- [Exercise directions]
Among the entries below, copy only the span from the line containing "Beat Sneakers, Multi, hi-res" through the line containing "Coletor de dados". Do so exactly, and skip the pictures.

- [Task material]
----------------------------------------

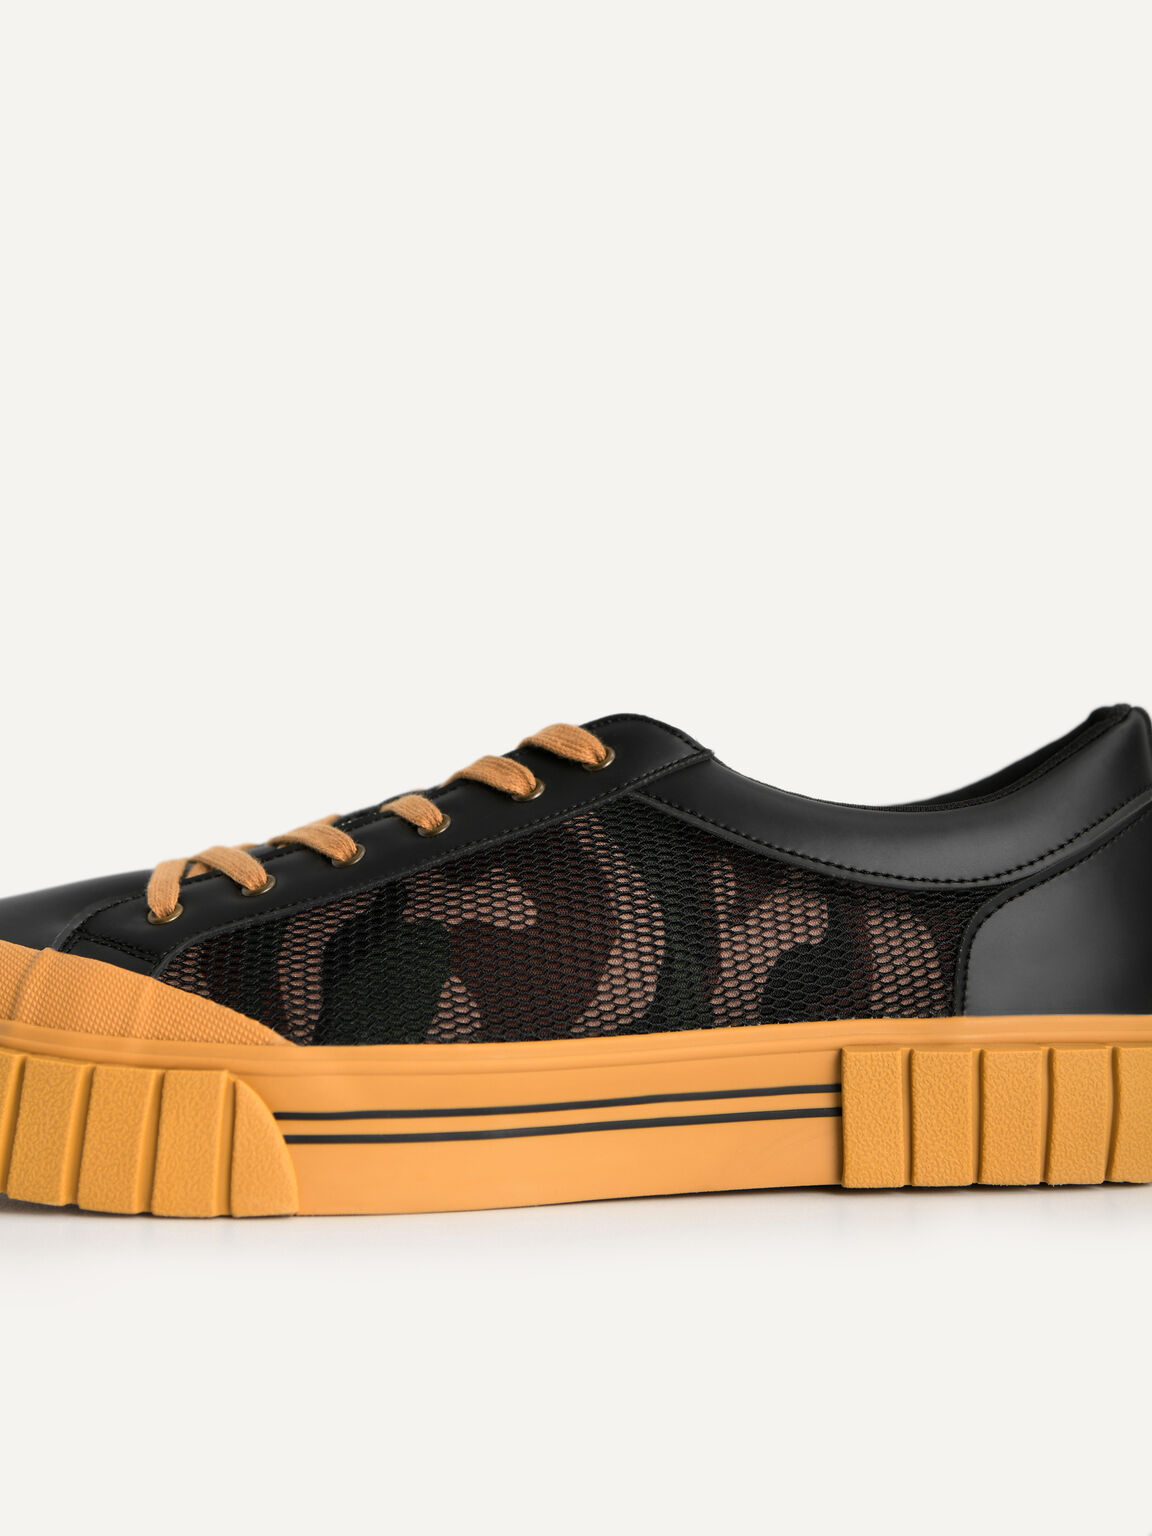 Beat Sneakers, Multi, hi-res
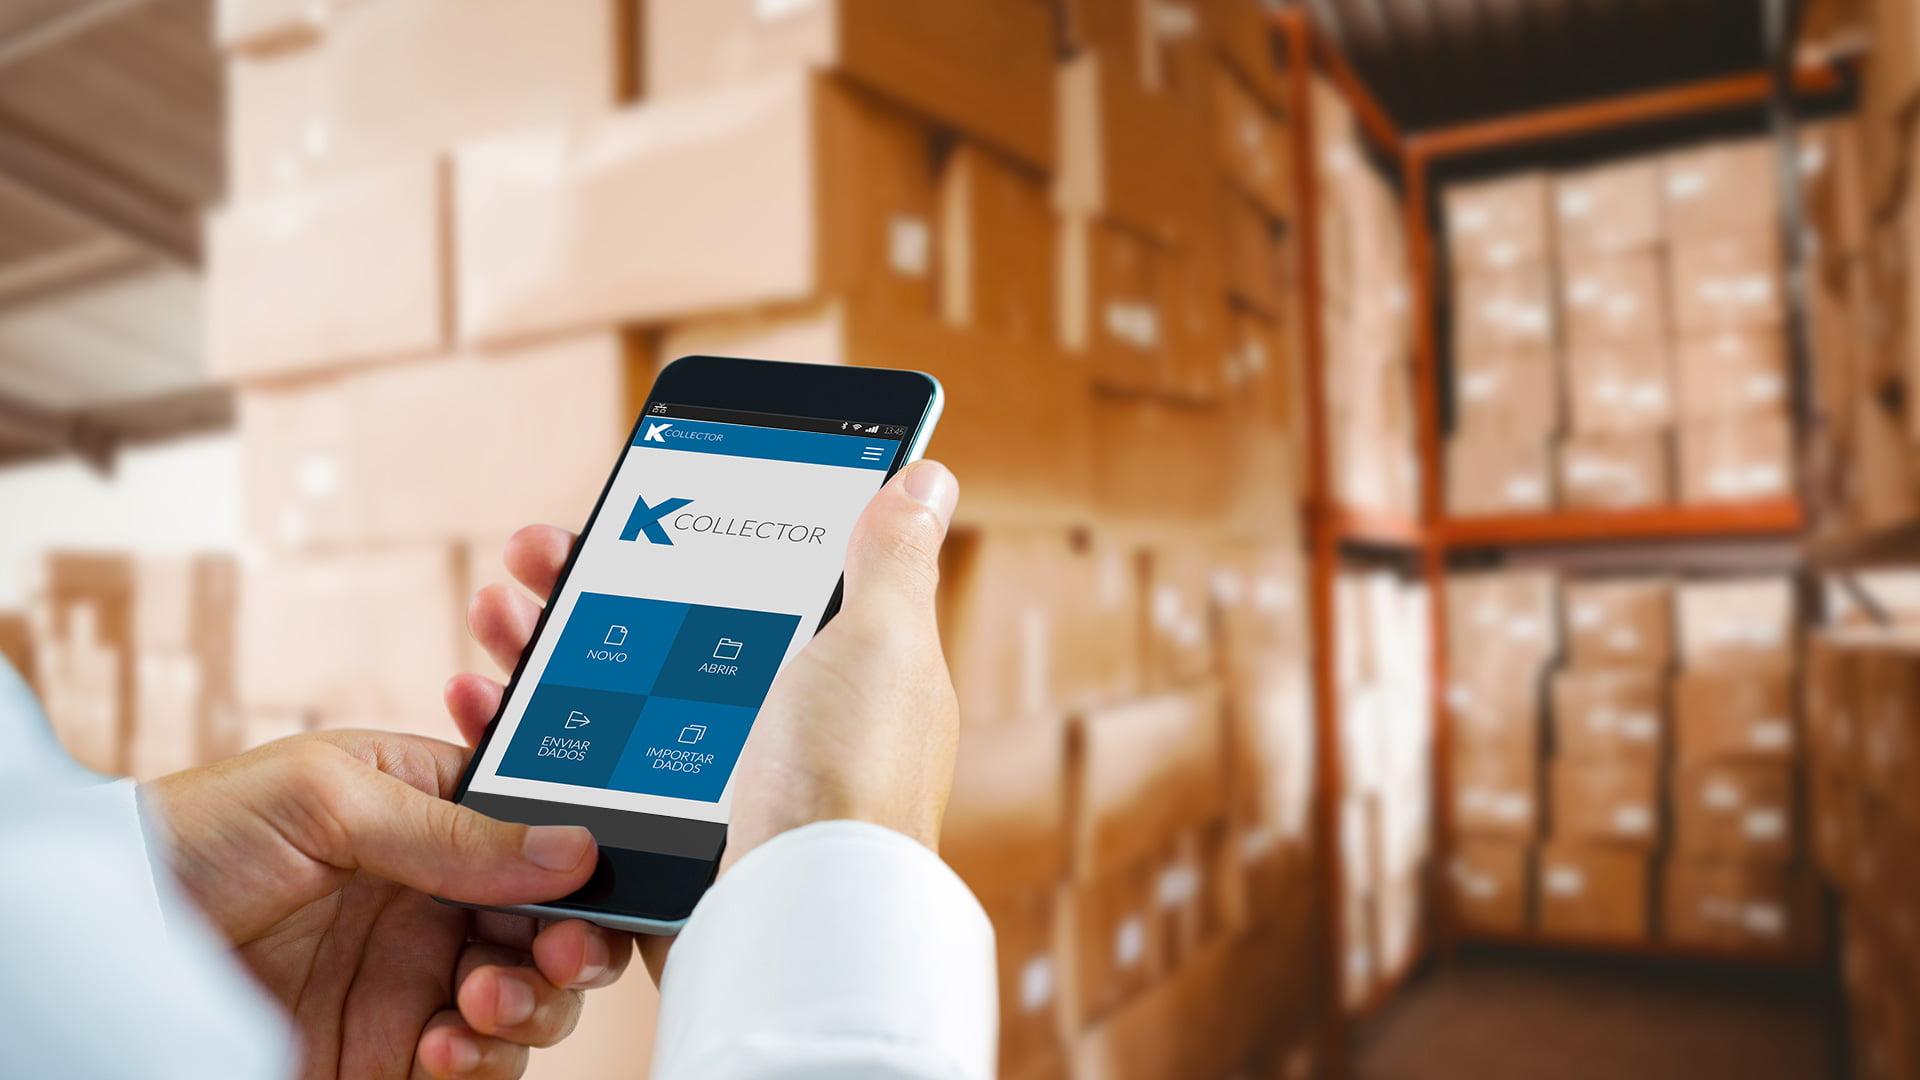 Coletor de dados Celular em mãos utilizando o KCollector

----------------------------------------

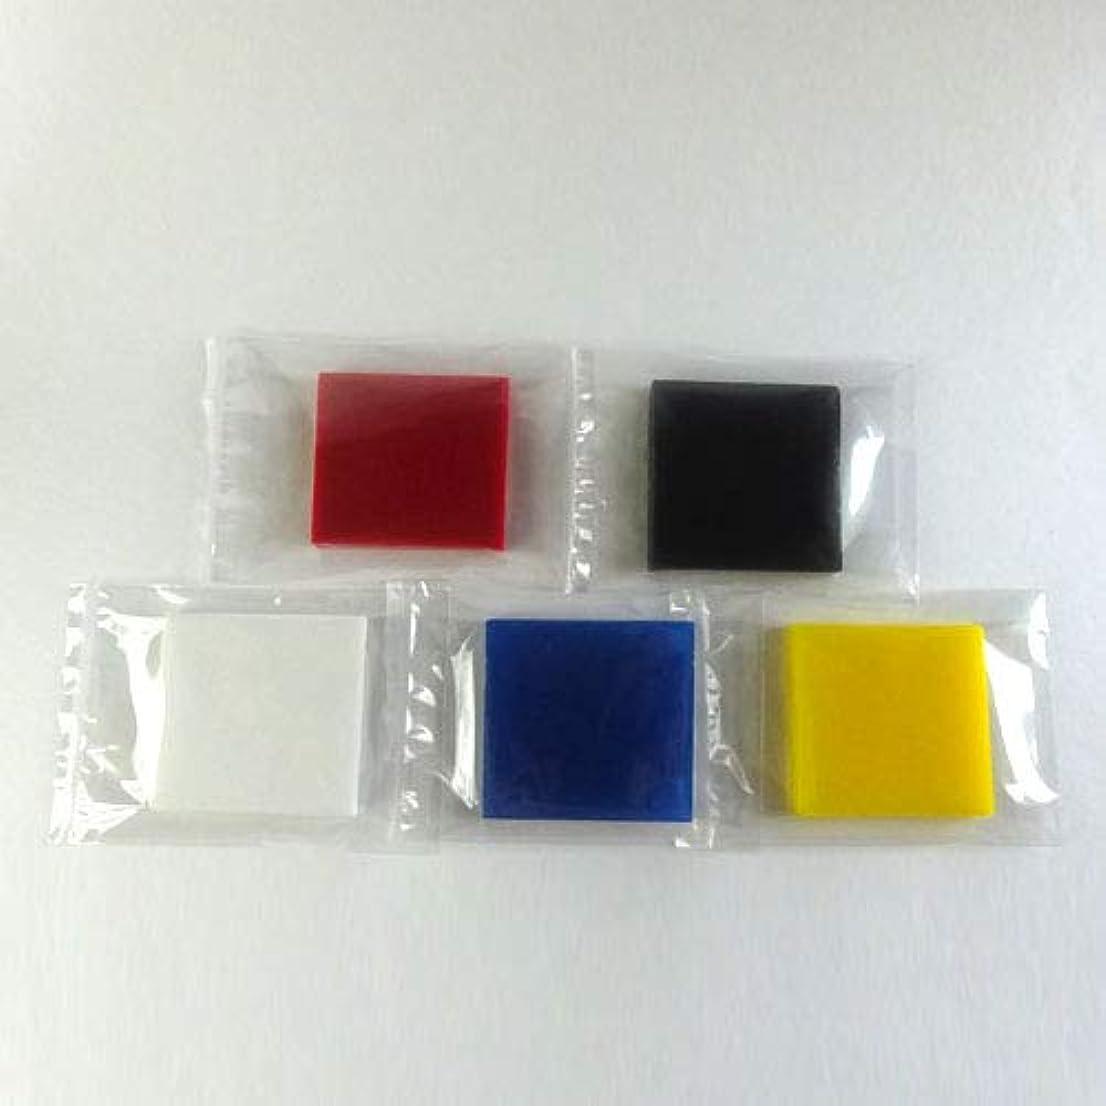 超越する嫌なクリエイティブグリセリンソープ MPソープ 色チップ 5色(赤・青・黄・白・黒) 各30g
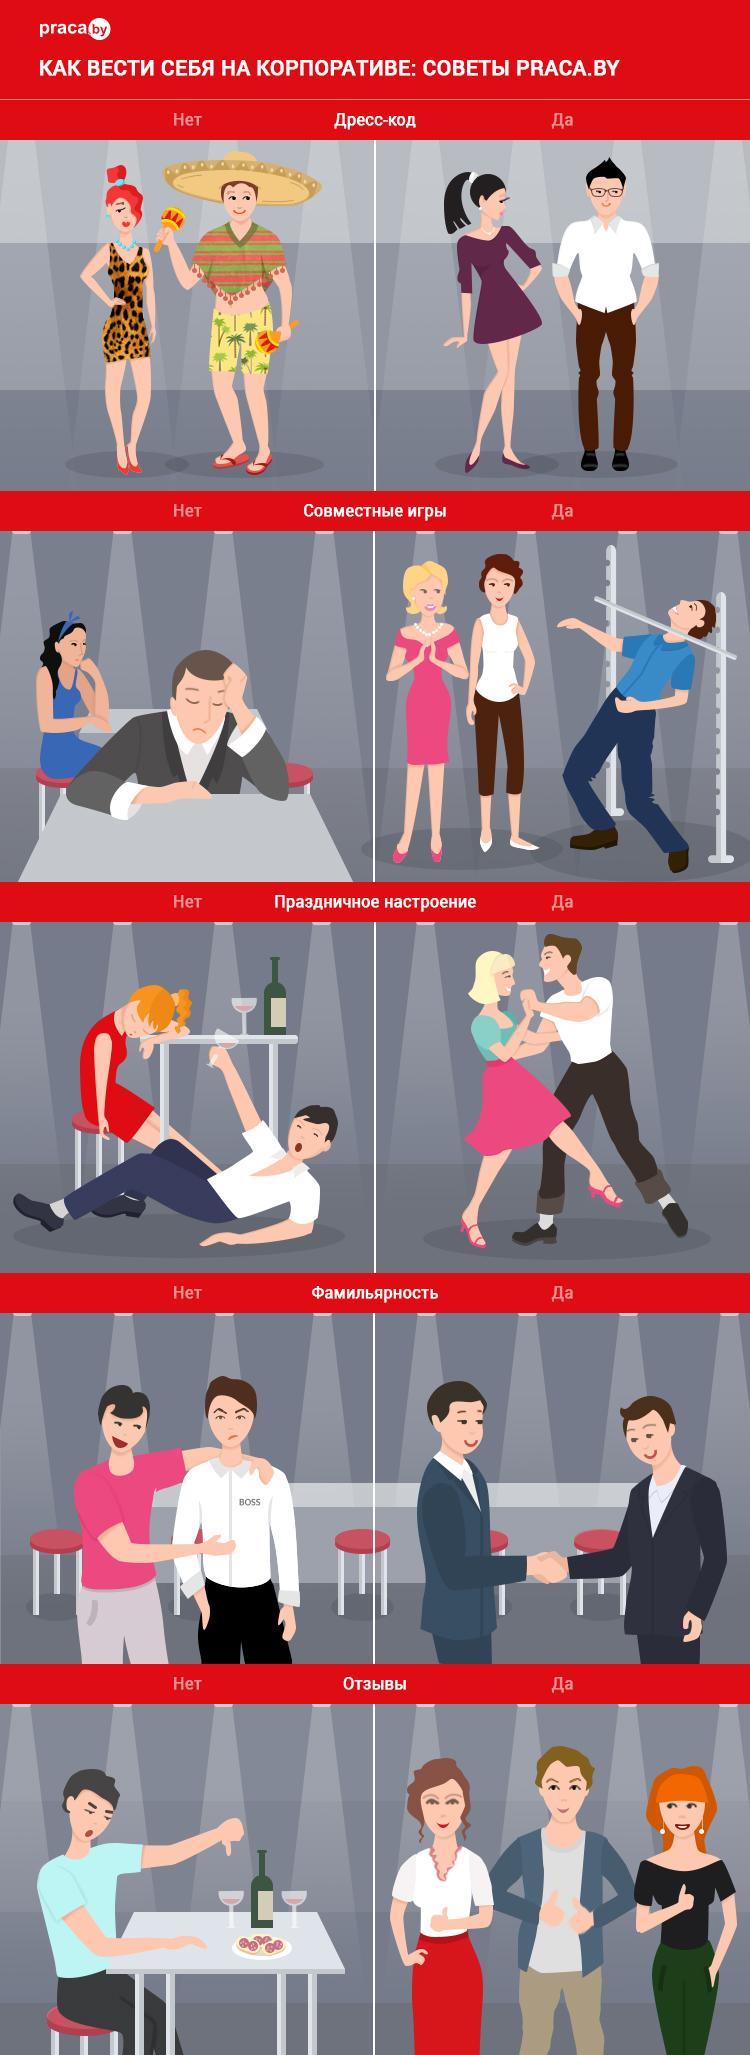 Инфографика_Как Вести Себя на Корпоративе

----------------------------------------

- [Written solution]
 Beat Sneakers, Multi, hi-res
 Coletor de dados Celular em mãos utilizando o KCollector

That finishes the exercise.